"ИССЛЕДОВАНИЕ СТРУКТУРНО-ФУНКЦИОНАЛЬНОГО СОСТОЯНИЯ МЕМБРАНЫ ЭРИТРОЦИТОВ МЕТОДОМ АТОМНО-СИЛОВОЙ СПЕКТРОСКОПИИ» - Студенческий научный форум

V Международная студенческая научная конференция Студенческий научный форум - 2013

"ИССЛЕДОВАНИЕ СТРУКТУРНО-ФУНКЦИОНАЛЬНОГО СОСТОЯНИЯ МЕМБРАНЫ ЭРИТРОЦИТОВ МЕТОДОМ АТОМНО-СИЛОВОЙ СПЕКТРОСКОПИИ»

Панюшева Е.С. 1, Бодрягина А.М. 1, Сонина М.В. 1, Иванова И.А. 1
1ГОУ ВПО Ульяновский Государственный Университет
 Комментарии
Текст работы размещён без изображений и формул.
Полная версия работы доступна во вкладке "Файлы работы" в формате PDF
Методы атомно-силовой микроскопии (АСМ) находят все более широкое применение в биологии, медицине и фармакологии. Это связано с рядом преимуществ АСМ перед оптической и электронной микроскопией. Атомно-силовой микроскоп позволяет получать истинно трехмерный рельеф исследуемой поверхности, производить измерения на воздухе, в жидкости, в вакууме, в атмосфере любого газа, что открывает широкие возможности для изучения биомолекул и живых клеток. В настоящее время атомно-силовой микроскоп используют для визуализации с высоким разрешением и оценки локальных механических свойств биологических нанообъектов. АСМ позволяет более глубоко изучать клеточные процессы, выяснять такие важнейшие свойства, как эластичность, мобильность поверхностных слоев, адгезия, молекулярное связывание и электростатичность. Несмотря на достижения в области применения сканирующей зондовой микроскопии, остается много нерешенных проблем, т. к. она сталкивается с рядом специфических ограничений и трудностей, связанных с самой природой биологических объектов [6]. Их преодоление будет способствовать развитию новых методов выявления, диагностики и лечения ряда заболеваний. В связи с этой проблемой нами планируется исследование молекулярной структуры клеточной мембраны, адгезии, электростатичности эритроцитов крови человека в норме и патологии на примере инсулиннезависимого сахарного диабета в условиях in vivo и in vitro при фотокорекции некогерентным светодиодным излучением красного диапазона методом атомно-силовой микроскопии[6,8]. Изучение с помощью АСМ клеточной поверхности и локального модуля упругости клеток крови на ранних стадиях формирования осложнений инсулиннезависимого сахарного диабета позволит выявить структурные особенности и вязко-упругие свойства мембраны эритроцитов, при нарушении транспорта глюкозы через клеточную мембрану, а также позволит разработать диагностические системы, выявляющие ранние признаки развития заболевания.

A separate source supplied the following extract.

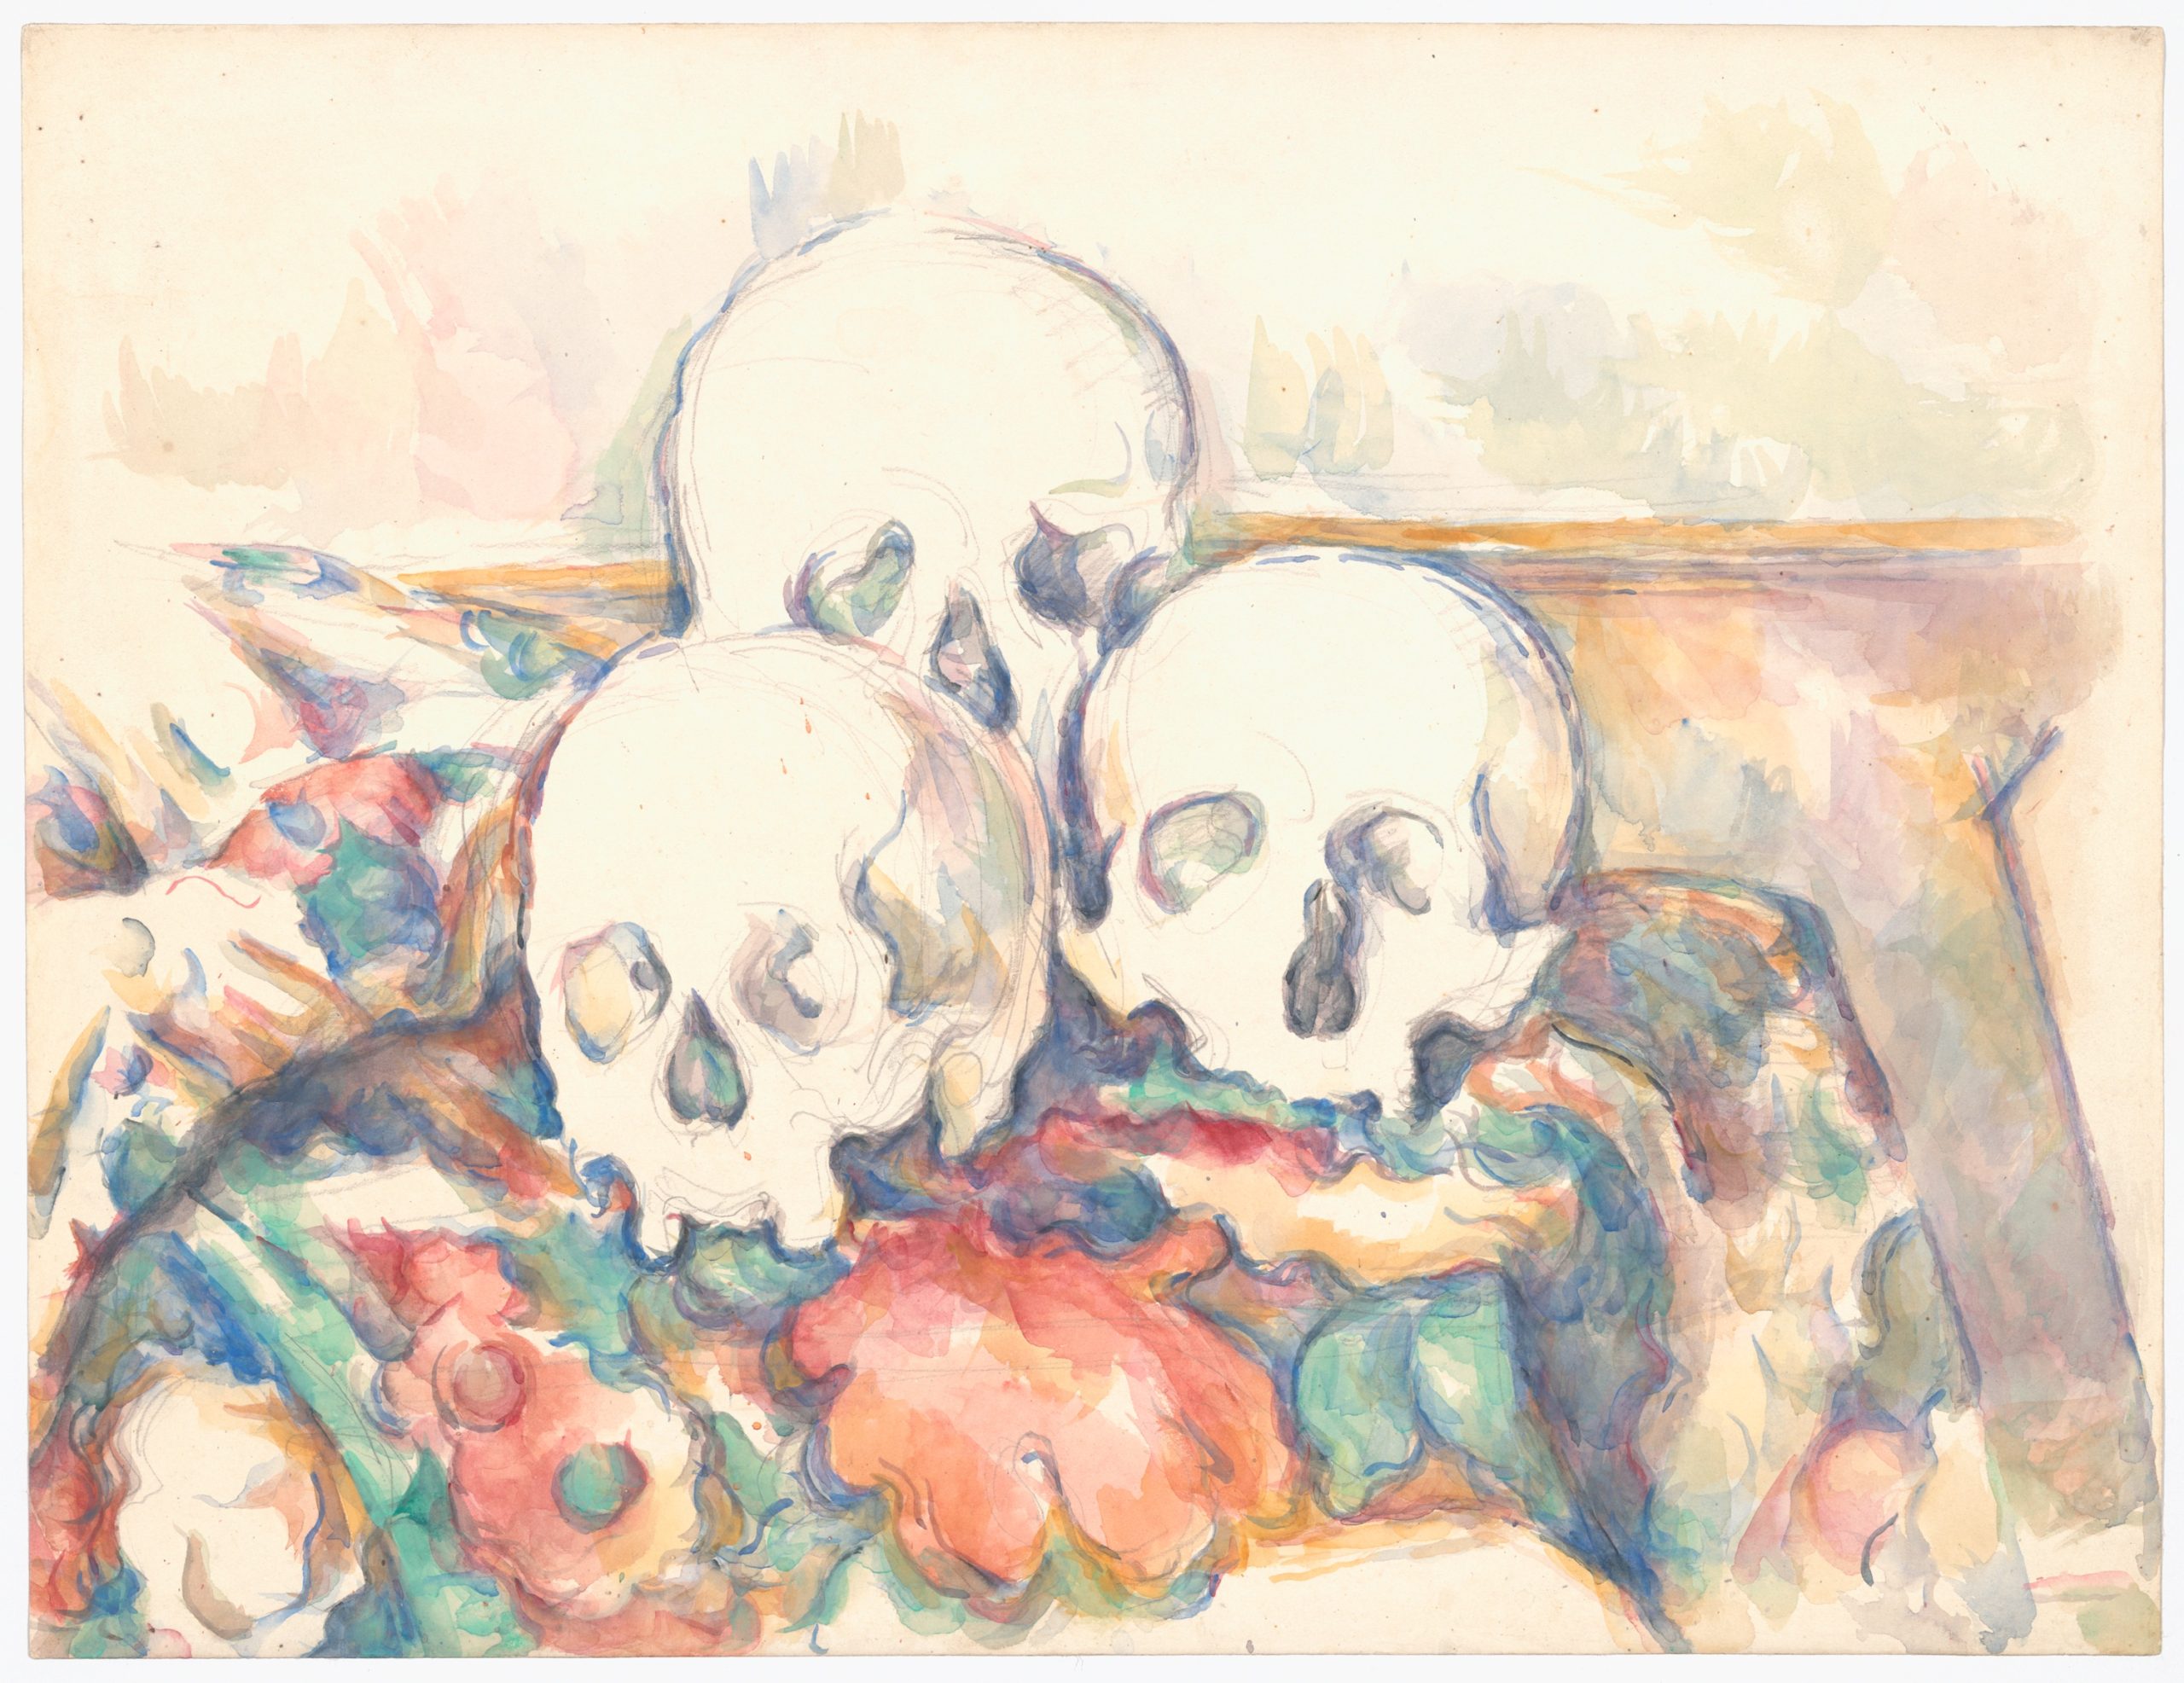 Paul Cezanne - The Three Skulls 1902-6. The Art Institute of Chicago. Olivia Shaler Swan Memorial Collection

Целью настоящего проекта является исследование структурно-функционального состояния клеточной мембраны эритроцитов после воздействия светодиодного излучения красного диапазона на здоровых доноров и больных инсулиннезависимым сахарным диабетом в условиях in vitro методом атомно-силовой микроскопии.

Задачи проекта:

1) Разработка наиболее адекватного способа приготовления эритроцитов для их изучения с помощью атомно-силового микроскопа;

2)изучение молекулярной структуры мембраны эритроцитов в норме и при сахарном диабете;

3)оценка вязко-упругих свойств поверхности изучаемых клеток;

4) оценка воздействия некогерентного красного диапазона на молекулярную структуру и свойства мембраны эритроцитов in vitro.

Материалы и методы.

В экспериментах использовали эритроциты крови, которые традиционно служат моделью для оценки глубины повреждения мембран на молекулярном уровне при патологических процессах, протекающих в организме. Эритроциты крови здоровых доноров, больных инсулиннезависимым сахарным диабетом (ИНСД) выделяли по стандартной методике [8]. Опытную группу обследованных составили больные ИНСД 49-71 лет. Возраст здоровых доноров в группе составлял 49 до 60 лет. Из каждой исследуемой группы были взяты пробы крови. Эритроциты крови здоровых доноров и больных инсулиннезависимым сахарным диабетом (ИНСД) выделяли по стандартной методике.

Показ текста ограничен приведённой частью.